How do we store elasticsearch data into Hadoop cluster(Amabri)

Hello All
i am using 3 node elasticsearch(7.4.2) cluster in my environment and generating 100GB(appx) data daily, hence i would like to maintain only 30days data in elasticsearch and remaining data should be stored in hadoop(Ambari 2.7.0 - hdfs 3.0.0).
i found 'Hadoop HDFS Repository' plugin for doing the job
but could not able to use it.
can someone please share complete steps for completing the above requirement.

Note: i have installed plugin in all the three elasticsearch nodes
sudo bin/elasticsearch-plugin install repository-hdfs

unable to understand the below query usage
PUT _snapshot/my_hdfs_repository
{
"type": "hdfs",
"settings": {
"uri": "hdfs://namenode:8020/",
"path": "elasticsearch/repositories/my_hdfs_repository",
"conf.dfs.client.read.shortcircuit": "true"
}
}

how to configure path etc value.
please help me

Hi @kishore419.

you want to store elastic search index data into HDFS ?or HDFS Data into elastic search?

if you want to store data into HDFS then create Hive external table and point on your elastic search index data.then use CTAS to store external hive table into another hive table.

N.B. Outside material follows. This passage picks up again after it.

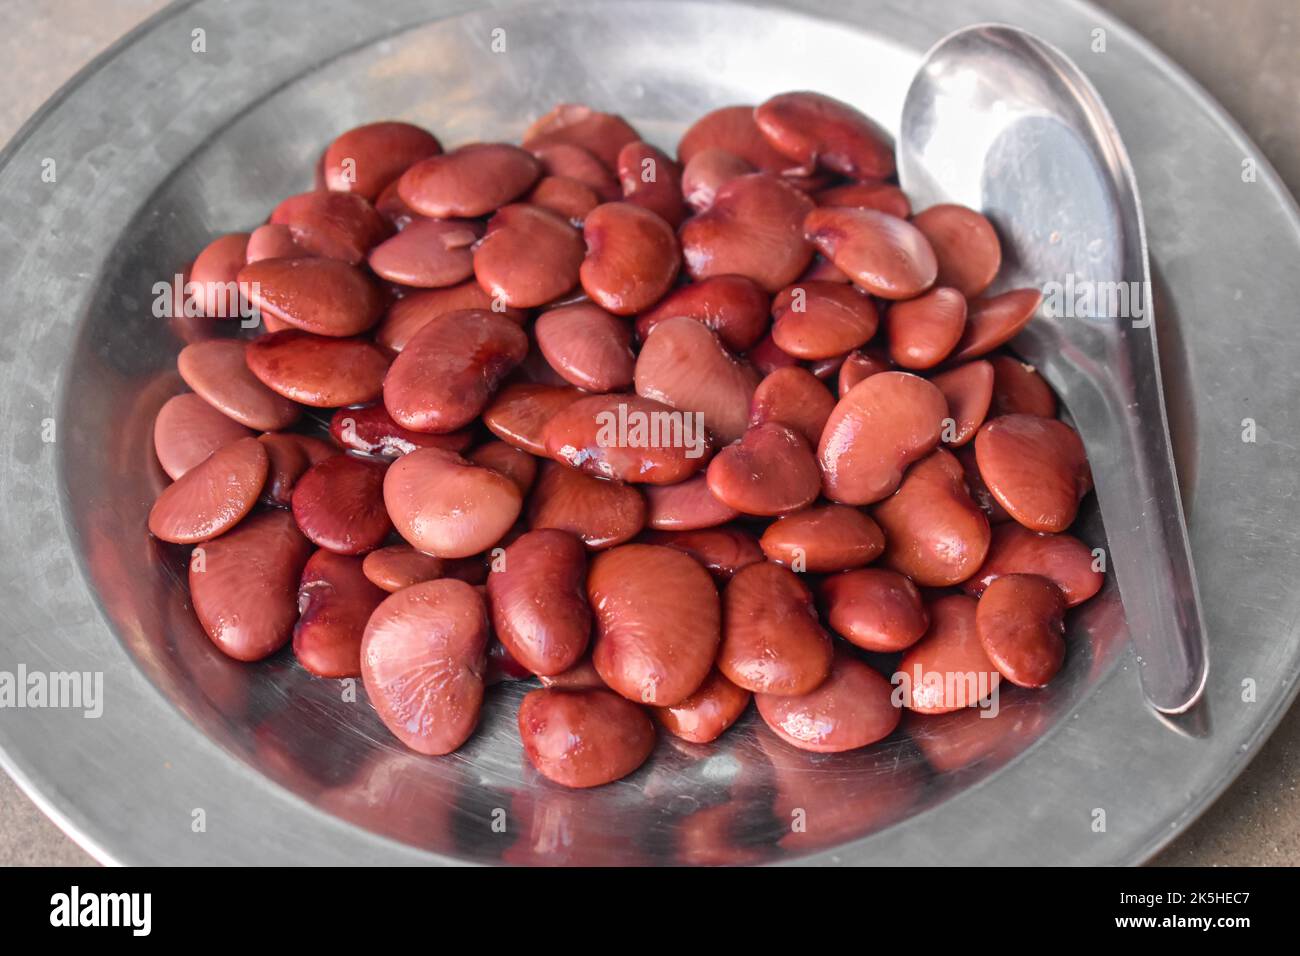 Boiled red flat beans. Protein rich food. Healthy diet menu. Closeup view. Stock Photo

what mean by maintain only 30days data in elasticsearch ?

Please explore more ...

Thanks
HadoopHelp

hi Ramesh
i want to store Elasticsearch data to Hadoop
i have found 'Hadoop HDFS Repository Plugin' for doing this job
but i was stuck while executing the following command from kibana(dev tools)

PUT _snapshot/my_hdfs_repository
{
"type": "hdfs",
"settings": {
"uri": "hdfs://namenode:8020/",
"path": "elasticsearch/repositories/my_hdfs_repository",
"conf.dfs.client.read.shortcircuit": "true"
}
}

i am new to hadoop and using hadoop 3 node cluster using ambari.
do we need to create any path in hadoop cluster
or suggest hadoop configuration changes.

let me know if you have any questions.

This topic was automatically closed 28 days after the last reply. New replies are no longer allowed.